Pine nuts are a nutritious and tasty addition to salads and sweet and savoury dishes and roasting or toasting them brings out their full flavour. But watch them carefully as they can burn before you know it. Processed lovingly in small batches to ensure maximum freshness, Pinoli nuts are available from Sabato, 57 Normanby Rd, Mt Eden.
Menu pick
From one extreme to the other: We're mid-season for whitebait so we recommend you try The French Cafe's refined fried whitebait sandwich with lemon mayonnaise and shaved fennel salad - it's absolutely divine and you'll see why this restaurant has won so many awards and accolades and is considered one of Auckland's best. Alternatively, Murder Burger on Ponsonby Rd has its own version - served old school, on slices of Tip Top white bread with garlic butter and lemon. Now that's what we call choice. Available while the season lasts.
Win with Viva
Viva is delighted to offer readers the chance to combine art and wine and to celebrate that 26 years ago Cloudy Bay's sauvignon blanc marked the beginning of a new era for the NZ wine industry, putting the Marlborough region on the world map and establishing Cloudy Bay as a pioneer.

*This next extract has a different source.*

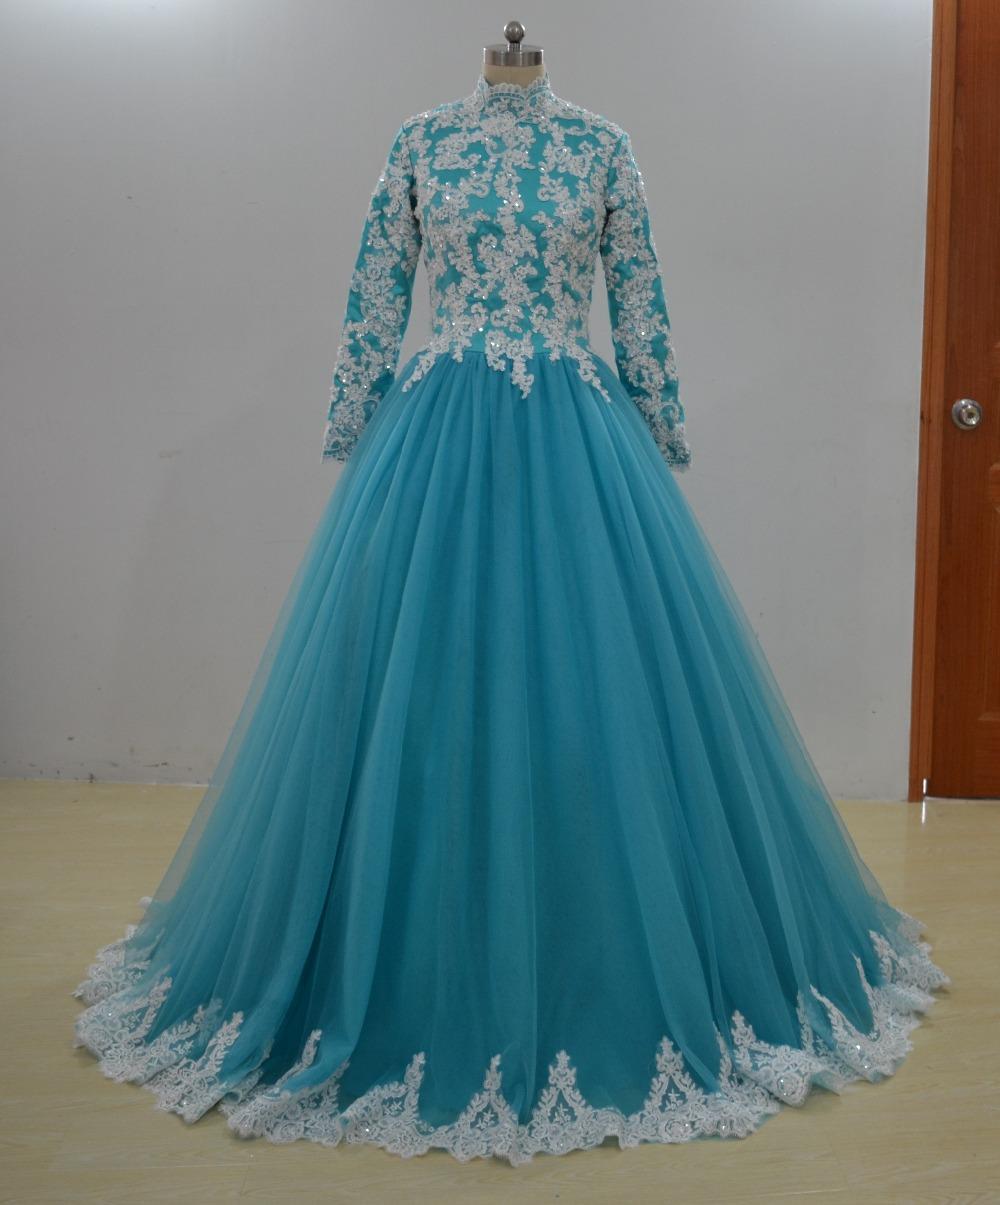 Dorable Islamic Wedding Dresses With Hijab Photos - All Wedding ...
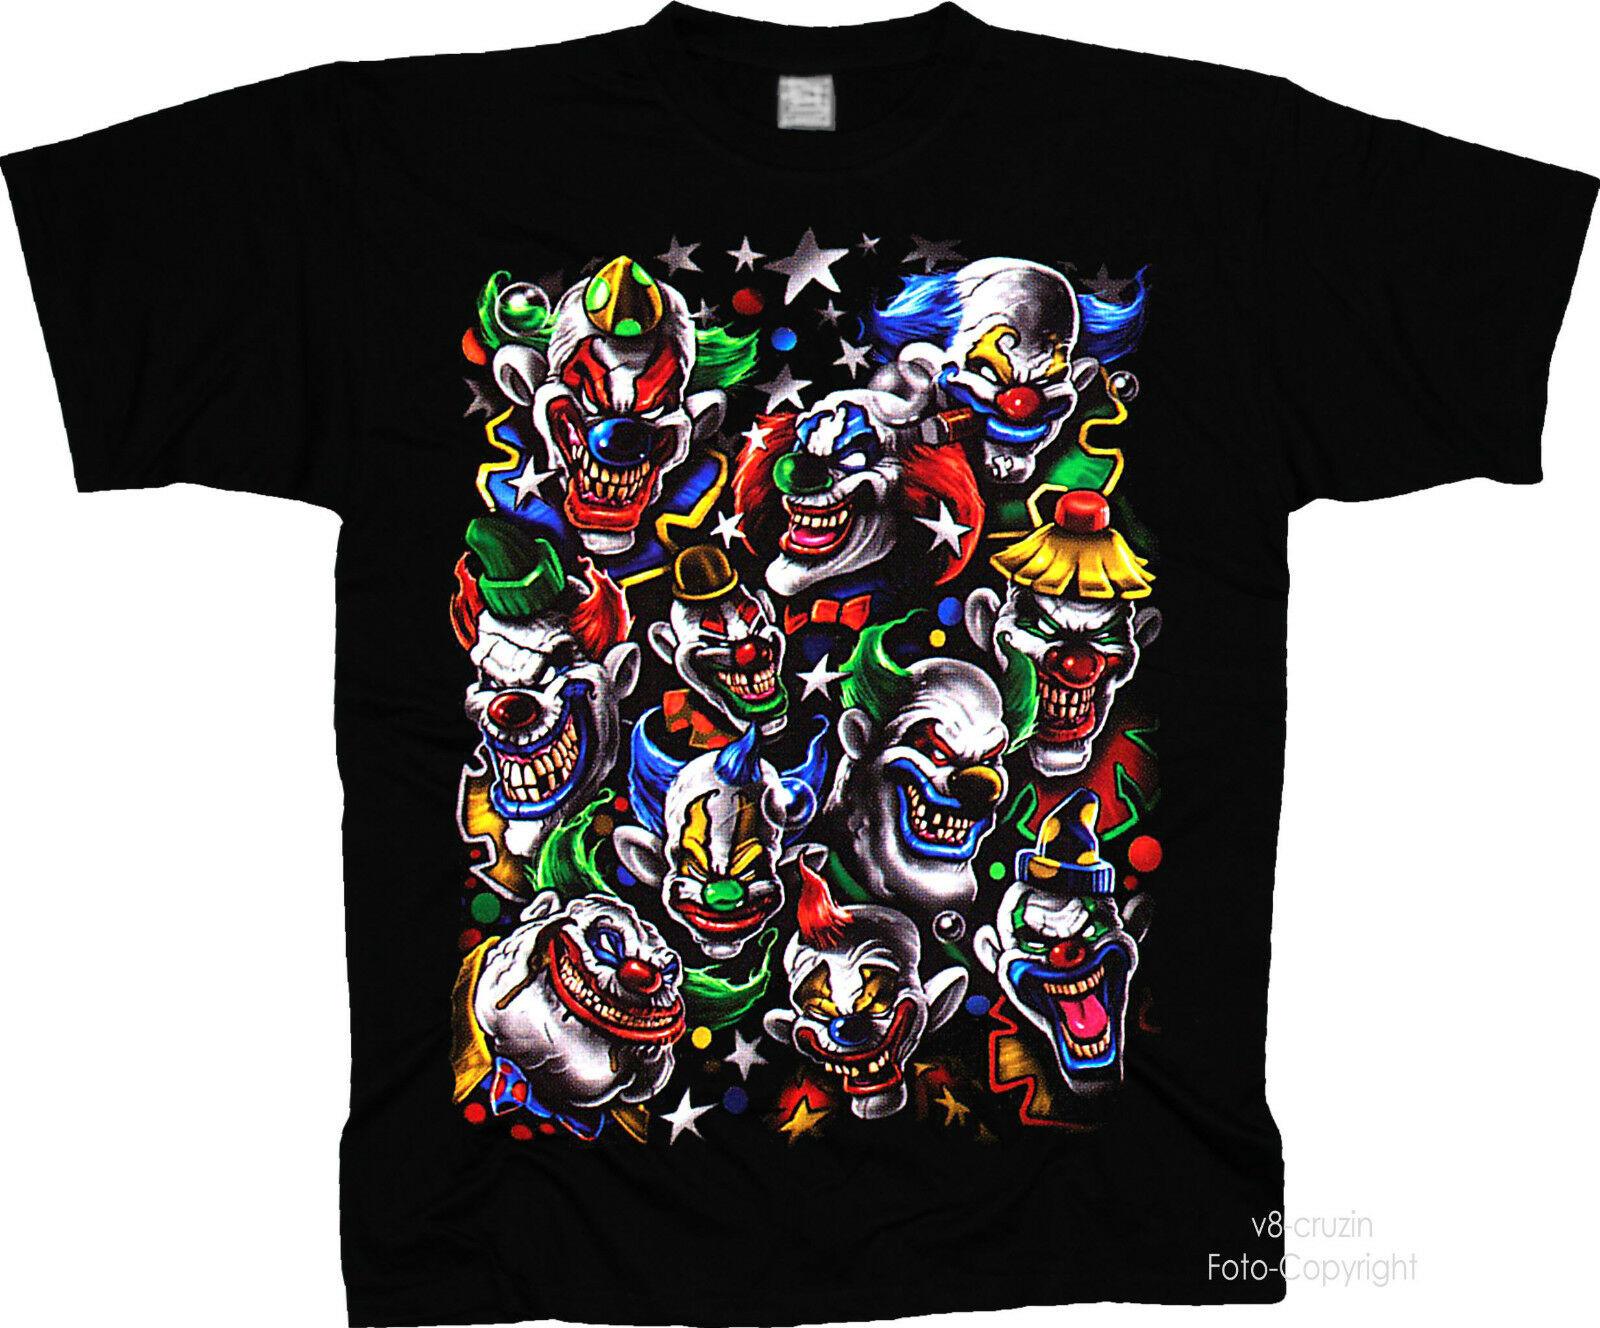 Halloween payaso circo harlequin actor de comedia fantasía Camiseta 4050-S-3XL hombres mujeres Unisex camiseta de moda envío gratis

This prize includes a limited edition A3 print of stencil artist Flox's Cloudy Bay 2011 sauvignon blanc-inspired mural. Flox, aka Hayley King, bought Cloudy Bay's first 2011 sauvignon blanc to life in a 3m x 2m mural, created on board using stencils and spray paint. Inspired by the new vintage, Hayley says, "The mural illustrates a symmetry of what we all know as our beautiful country, Aotearoa, combined with representative elements from the Cloudy Bay 2011 Sauvignon Blanc, the soft colour palette, iconic NZ native birds, fauna and mountain silhouette, creating a subdued and organic composition." To enter, email your name, address and contact phone number to vipviva@nzherald.co.nz with Cloudy Bay in the subject line. Entries close October 24. Winners announced October 26.
Raw talent
While Dallows Restaurant, Sale St, has been closed for a month, its head chef Nick Honeyman been anything but idle and now we can tell you why. He's been creating and testing recipes for his new menu which will launch Cru Restaurant in the Sale St location. For Nick, this reflects an exciting new beginning. "For me Cru is a chance to combine my love for the French classics with a more modern approach - using some molecular techniques - while honouring the pure flavour and integrity that so many ingredients available here in New Zealand contain in their raw form." Nick and his team will officially launch Cru tonight at the opening of Taste of New Zealand Festival in Victoria Park. Those keen for a sneak preview of Nick's new menu, with dishes such as sashimi yellow tail with rockmelon sorbet, yuzu gel, cucumber and black truffle, should make their way to the festival from today to October 22. To book for Cru Restaurant (opens October 27), ph (09) 307 8148 or email sale-st@sale-st.co.nz
Put it on the list
* Cheese is alive - let's keep it that way. Wrapping your cheese in this commercial-grade cheese paper allows it to breathe, prevents it from drying out and extends its shelf life. Formaticum Cheese Paper, $15.99, from Farro Fresh.
* Add some genuine Spanish flare to your next cocktail party with a jar of banderillas - olives, gherkins, onions, pimiento and chillies - all ready to go on a cute cocktail stick. $13.90, from Sabato.
Family ties
The Family of Twelve was born in 2005. It is a collective of 12 highly regarded, family owned NZ wineries, covering the length and breadth of our country and wine varieties. Among them are the likes of Kumeu River, Ata Rangi, Pegasus Bay, Felton Road and more. Now the Family is having its first official outing at SkyCity's The Twelve Bar, a bar that has been created to exclusively serve the Family's wines. This Thursday, from 5-7pm, meet winemaker Clive Weston of Nautilus Estate in the bar to chat and sample his wines. Next Thursday, you can meet Kumeu River Wines' Paul Brajkovich and Melba Brajkovich.